Traveling through time isn't really that difficult in a "Man I keep dying" sort of sense.
The whole thing is instead just tedious as hell. There are so many steps involved in time traveling and creating good futures that it takes a 3 minute level and it can make it a 8 or 10 minute level.
It's worse than hunting for a needle in a haystack, because when you finish with one haystack there's another one with the next needle in it, and another one after that. Pull up a chair and grind it out. There are no hints. Not really any direction. You just have to wander around enough until you find what you're looking for.
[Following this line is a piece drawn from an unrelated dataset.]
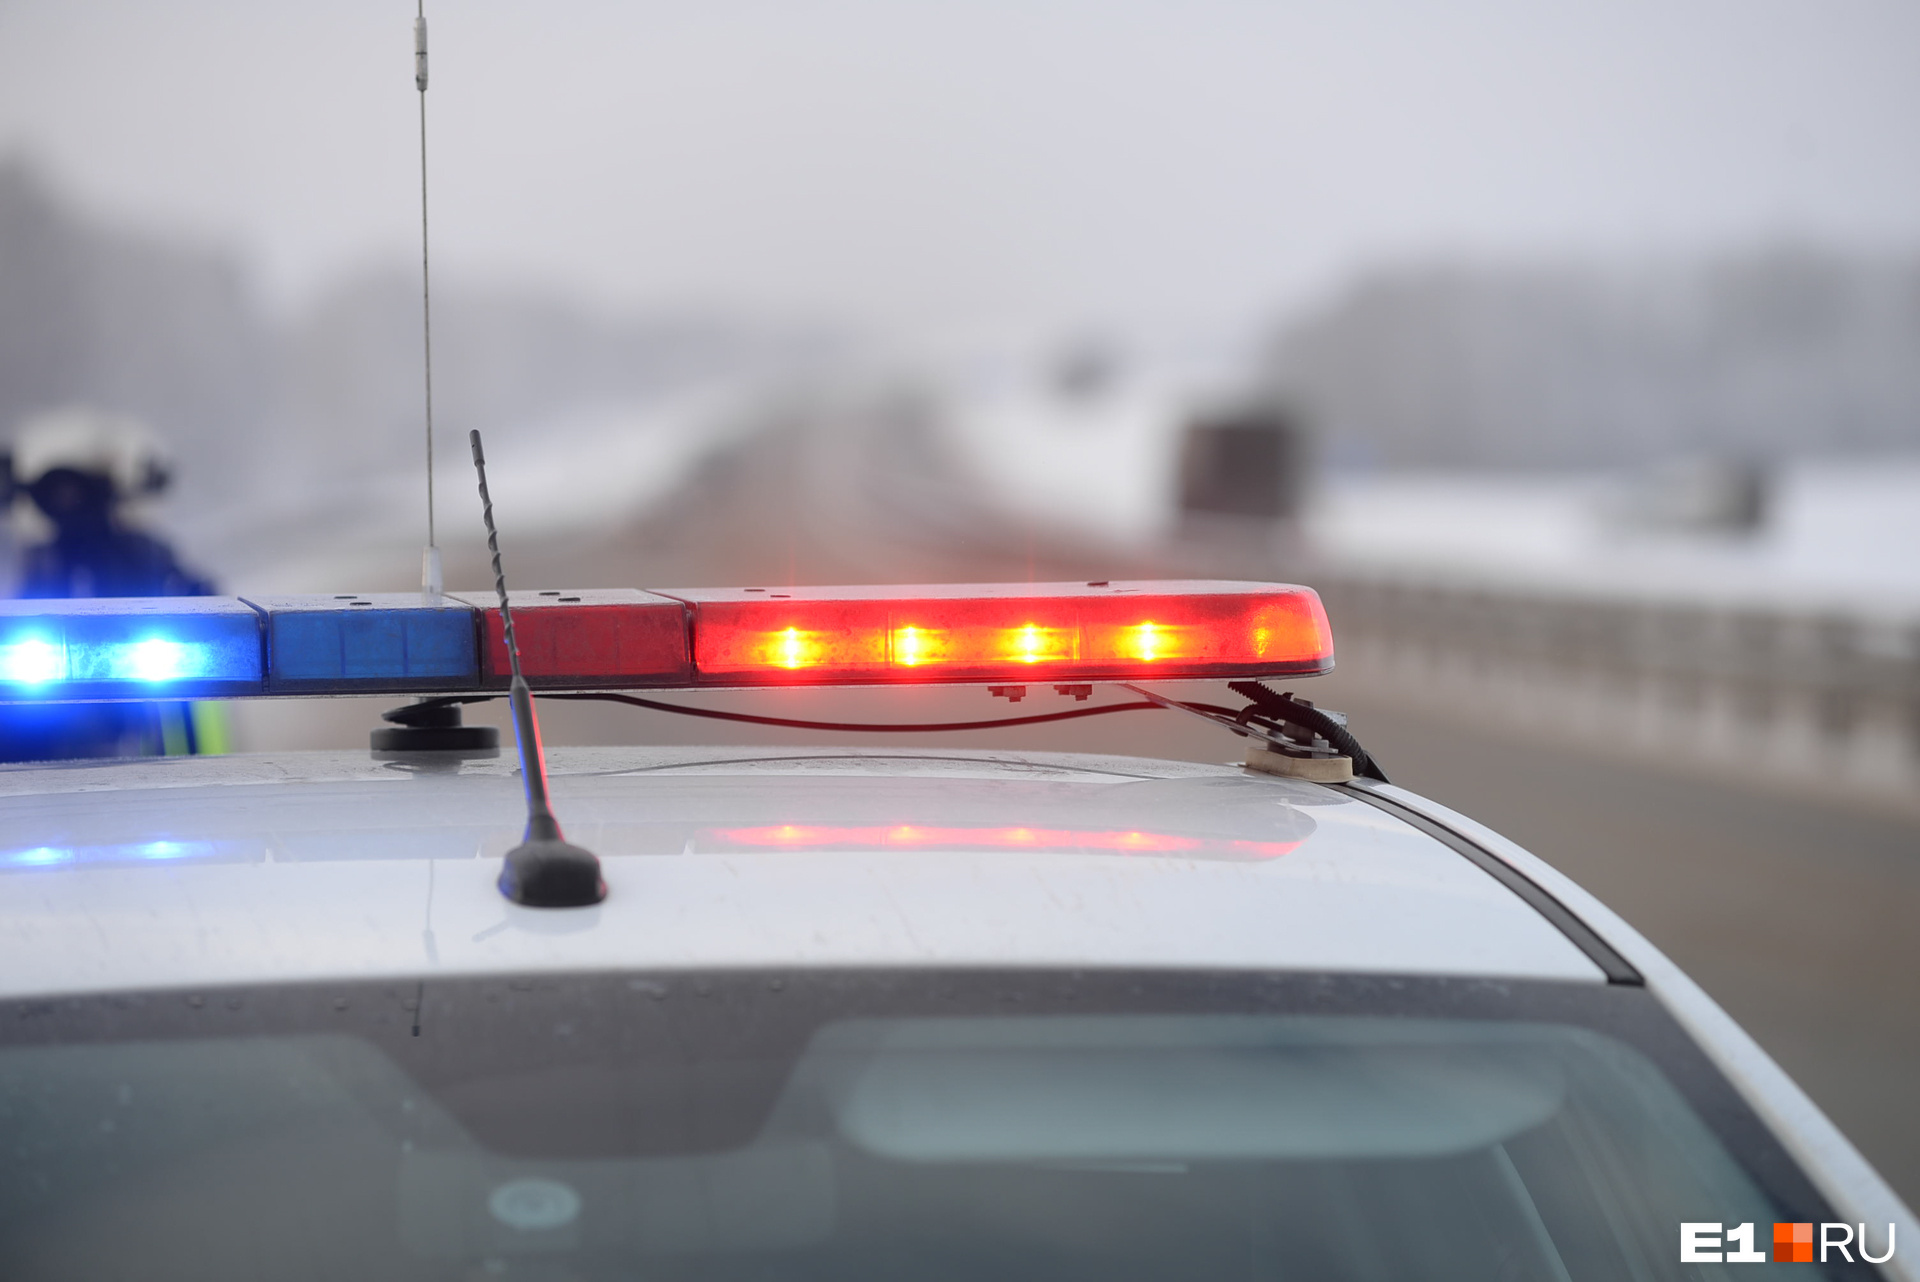 Полиция задержала автохама без прав и документов на машину в Иркутске

In some cases, like Wacky Workbench, the game actually tries to prevent you from creating a good future by hiding shit in illogical places that go against all practical game design conventions. In literally every other Sonic game, including later Sonic CD levels, you are taught what "crushers" are and that being crushed will instantly kill you and Wacky fuckin' Workbench takes that idea and goes, "Naw, letting yourself get crushed is the only way to get to the robot teleporter."
Go eat a dick, Wacky Workbench. Nobody likes you. Shit like this is why you weren't invited to the Christmas Party with all the other Sonic levels. Even Wing Fortress was invited, and nobody likes Wing Fortress. But you weren't.
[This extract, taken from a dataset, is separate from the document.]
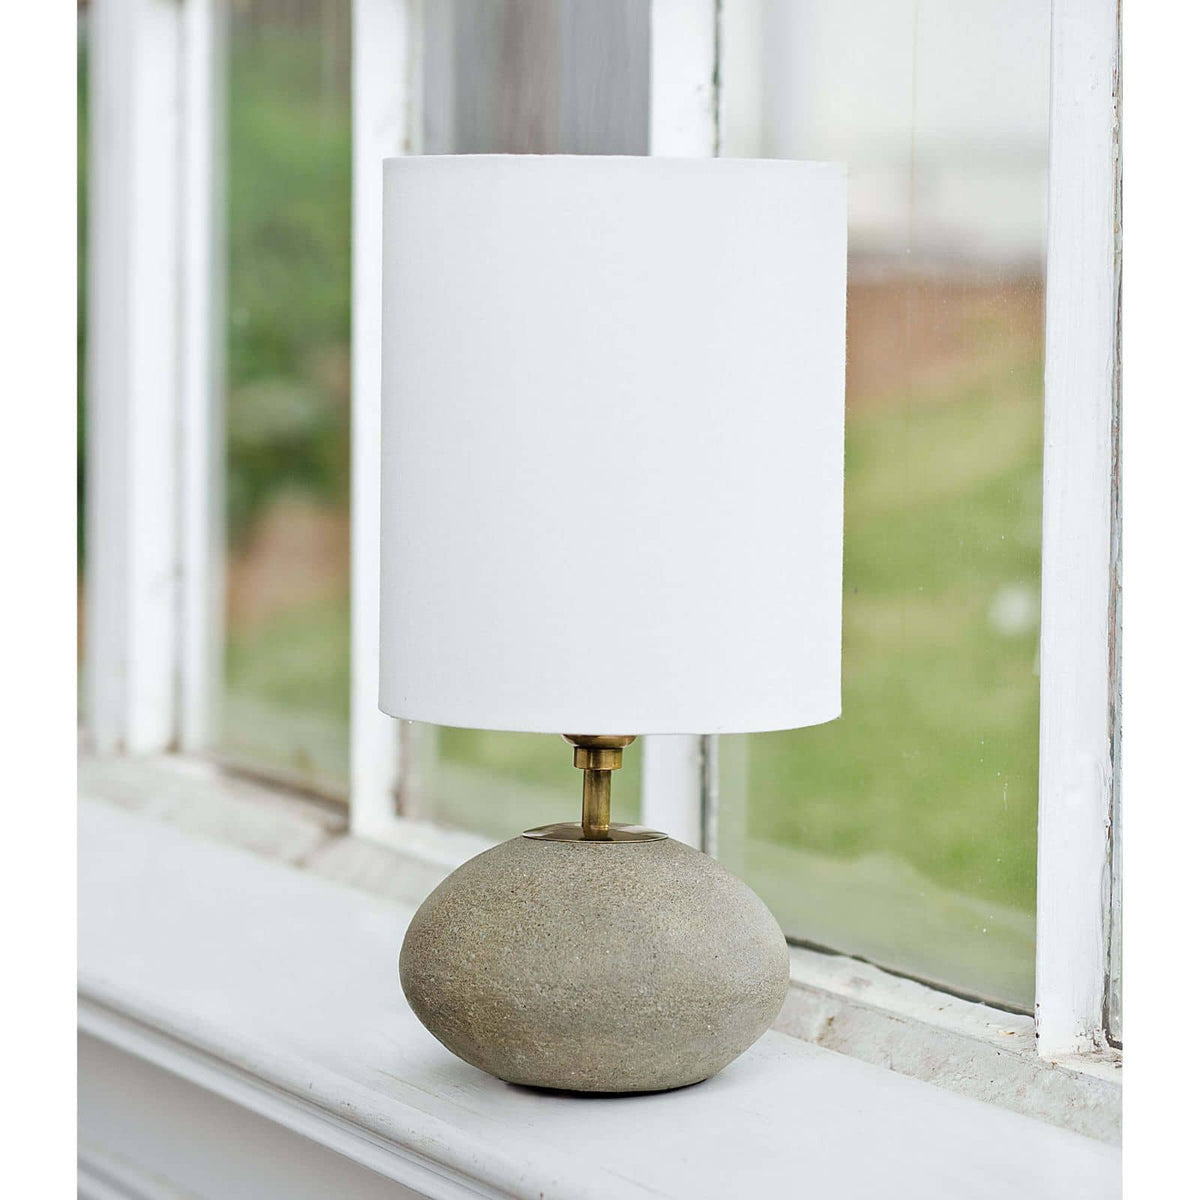 Concrete mini orb lamp on window sill

Other complaints regarding Sonic CD's difficulty are unrelated to time travel for the most part. Dark10x put it better when he said it was more annoying than anything else; The game frequently puts enemies directly on the path the player is running on, meaning that unless you have the level memorized you're most likely going to run straight in to them.
Worse still, there's multiple places in Tidal Tempest where the flying wasp enemies are placed directly over the mouth of a chasm with springs at the bottom, so when you get sprung up there's a pretty good chance you'll collide with them when you're completely defenseless. That's not me being hyperbolic or theoretical; that's actually happened to me on multiple occasions. Everything seems timed so that the wasp badnik will be in precisely the correct position to collide with Sonic.
This gets even worse in later levels, when they start making springs travel back and forth on wheels and expect you to spring up a narrow shaft... that's surrounded by beds of spikes on the ceiling, so unless you thread the needle just perfectly you're going to take damage. No skill in avoiding those traps, only the foresight of memorization.
Quartz Quadrant is a different beast altogether; in a game that demands you frequently take things slow and carefully (as to not accidentally waste time travel energy before you can find a place with enough space for teleportation), they introduce rocks that drop from the ceiling and the only way to avoid them is to be running at full tilt. On top of that are conveyor belts which will severely impede Sonic's speed even if he is running full tilt.
Going back to Wacky Workbench, ignoring the whole "crushers that don't kill you, even though there are crushers in other parts of the game that do" logical fallacy, you have enemies that are basically 100% hidden until they pop out of the ceiling and hurt you.
"Memorization" is not "thinking". It is trial and error. While there's nothing wrong with a little trial and error in small, metered doses, Sonic CD uses it in anything but moderation. But, hey, to a certain degree, that's Sonic. It's a trait that became a pretty significant part of later Sonic games - especially the Sonic Advance and Sonic Rush games.
You just seem to be in denial of Sonic CD's flaws, SonicMegaDrive.